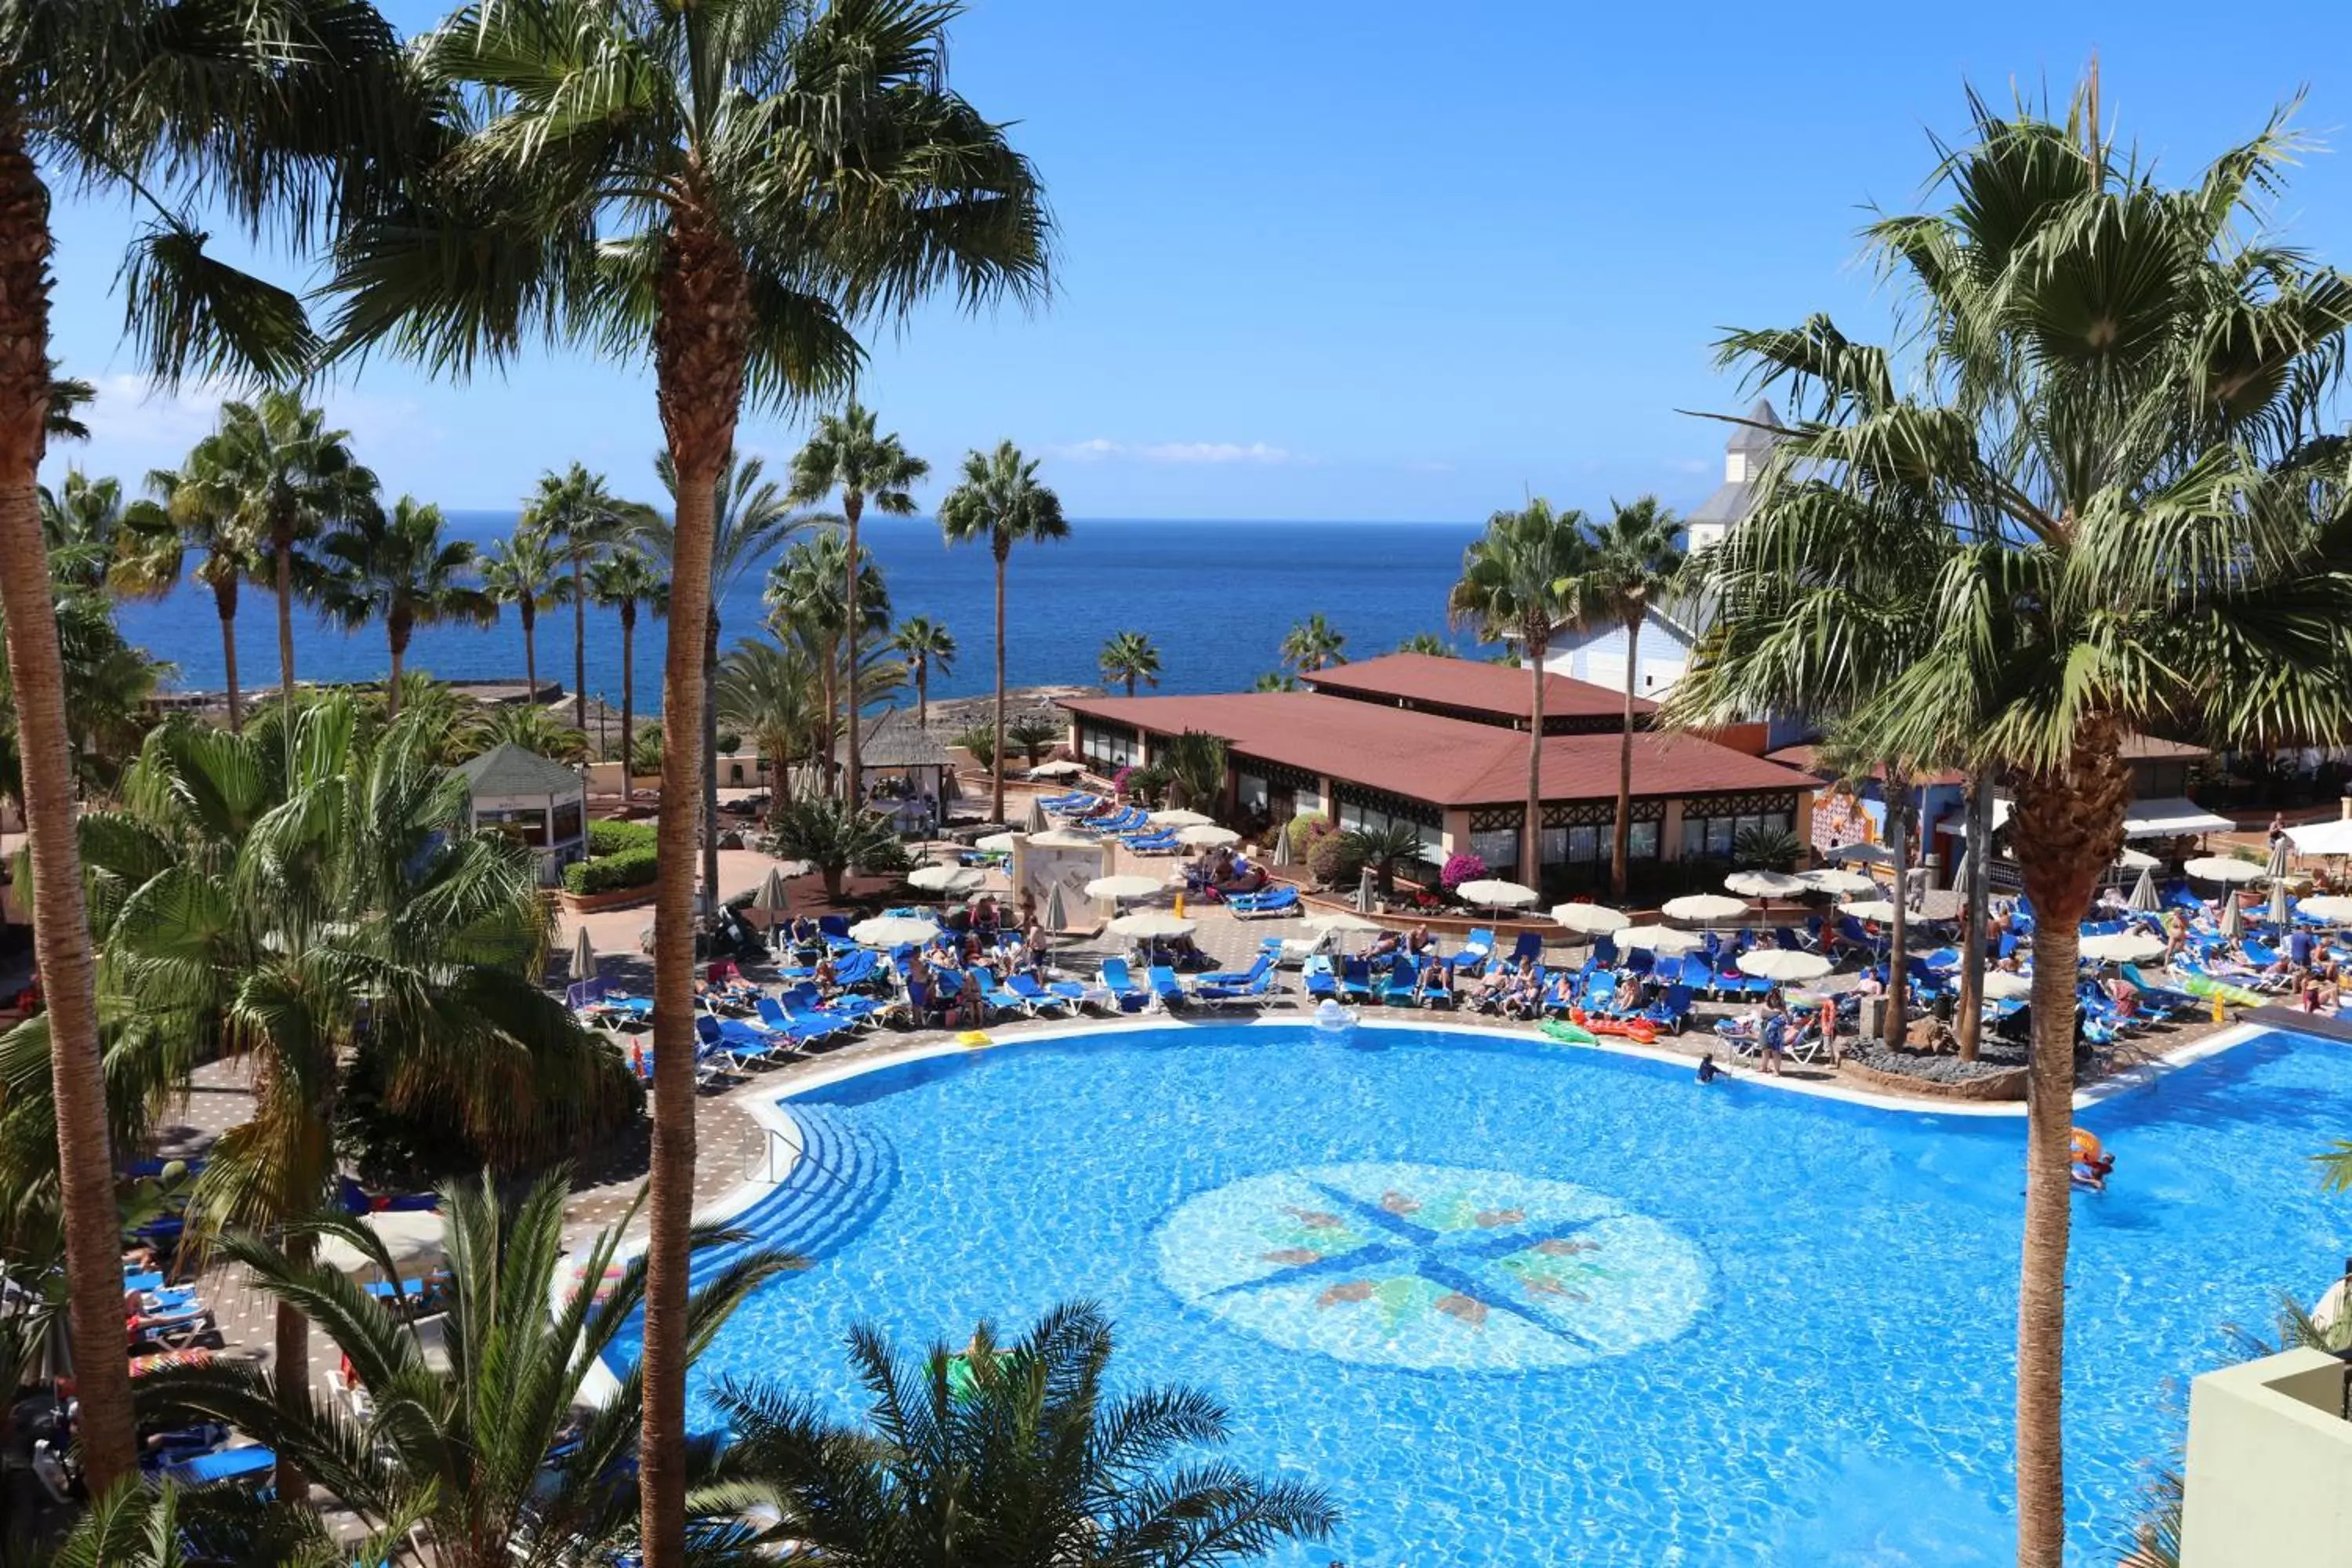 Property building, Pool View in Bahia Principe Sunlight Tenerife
---
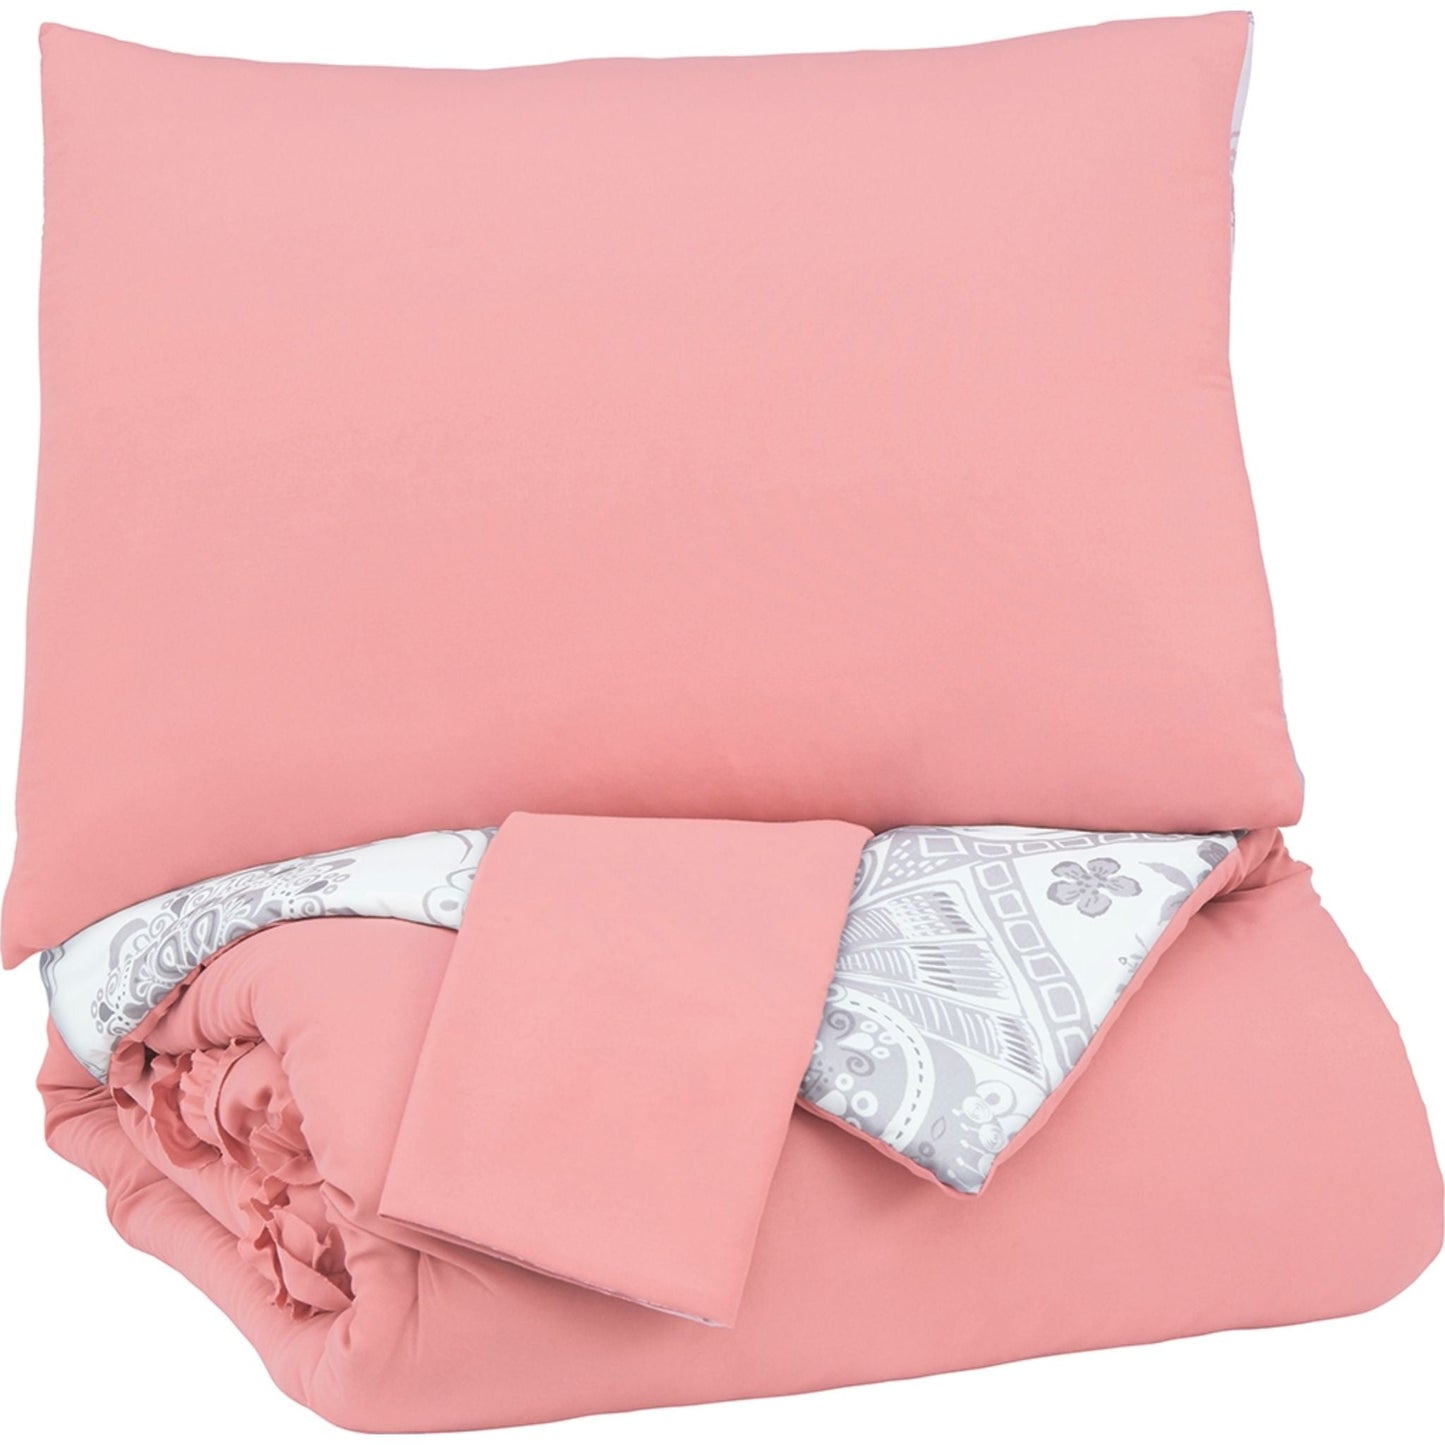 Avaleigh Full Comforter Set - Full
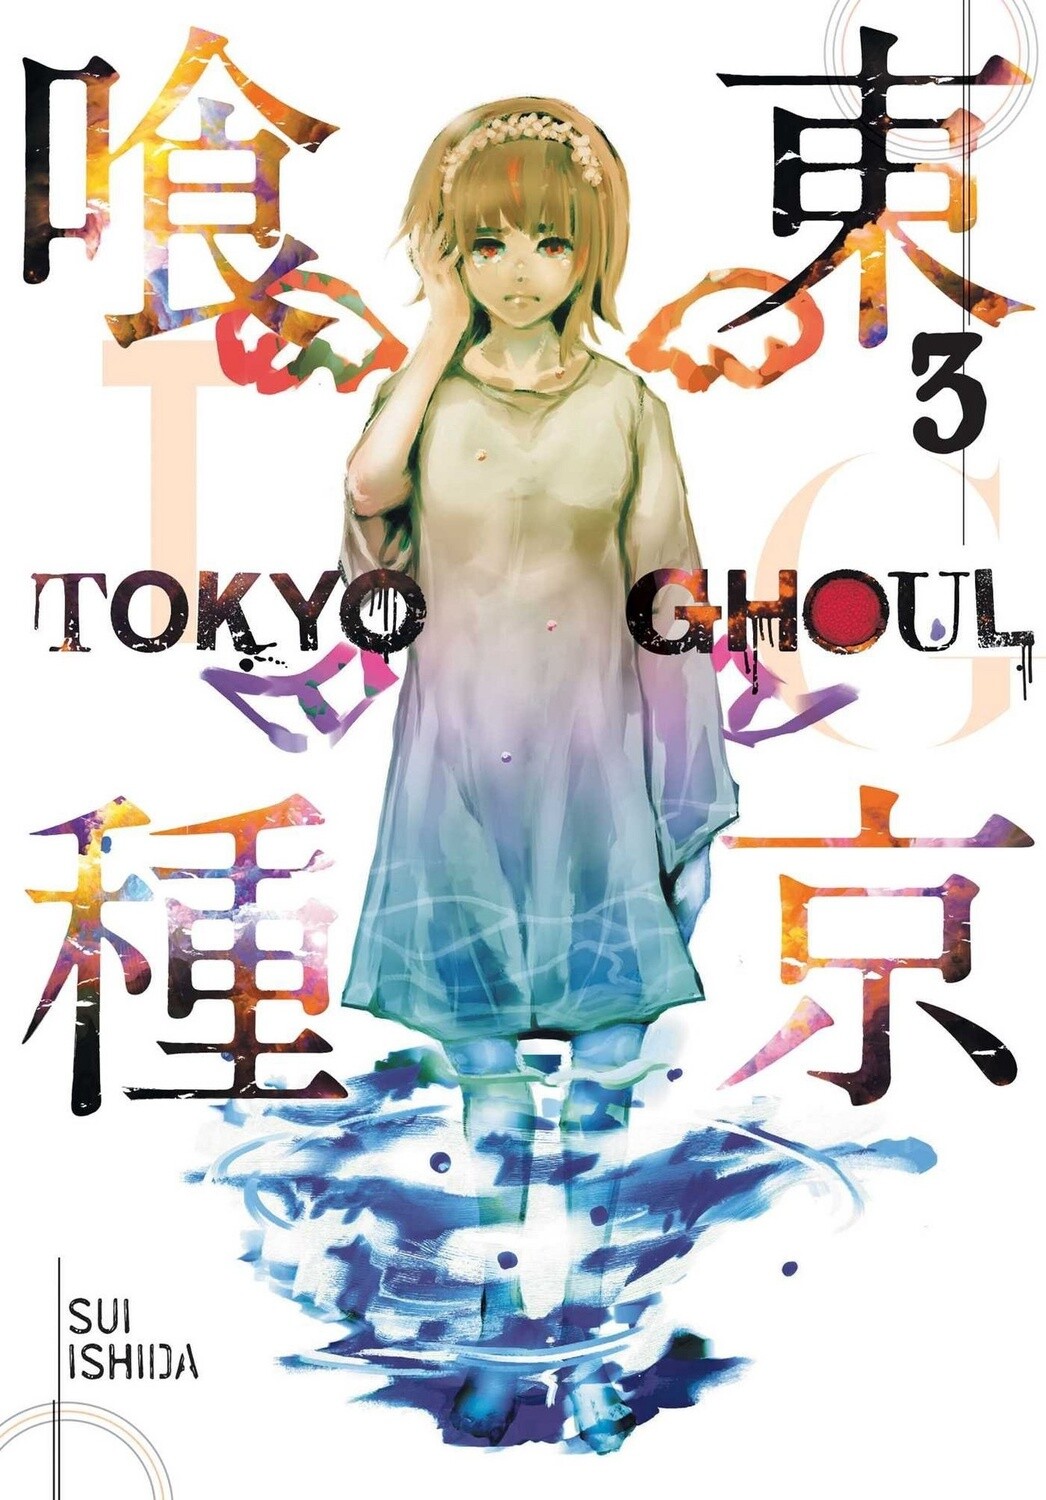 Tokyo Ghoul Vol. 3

[TASK DESCRIPTION]:
In the entries above, find the line containing "Avaleigh Full Comforter Set - Full" and the line containing "Tokyo Ghoul Vol. 3", then copy both and every line between them exactly, without any picture.

[EXERCISE RESULT]:
 Avaleigh Full Comforter Set - Full
 Tokyo Ghoul Vol. 3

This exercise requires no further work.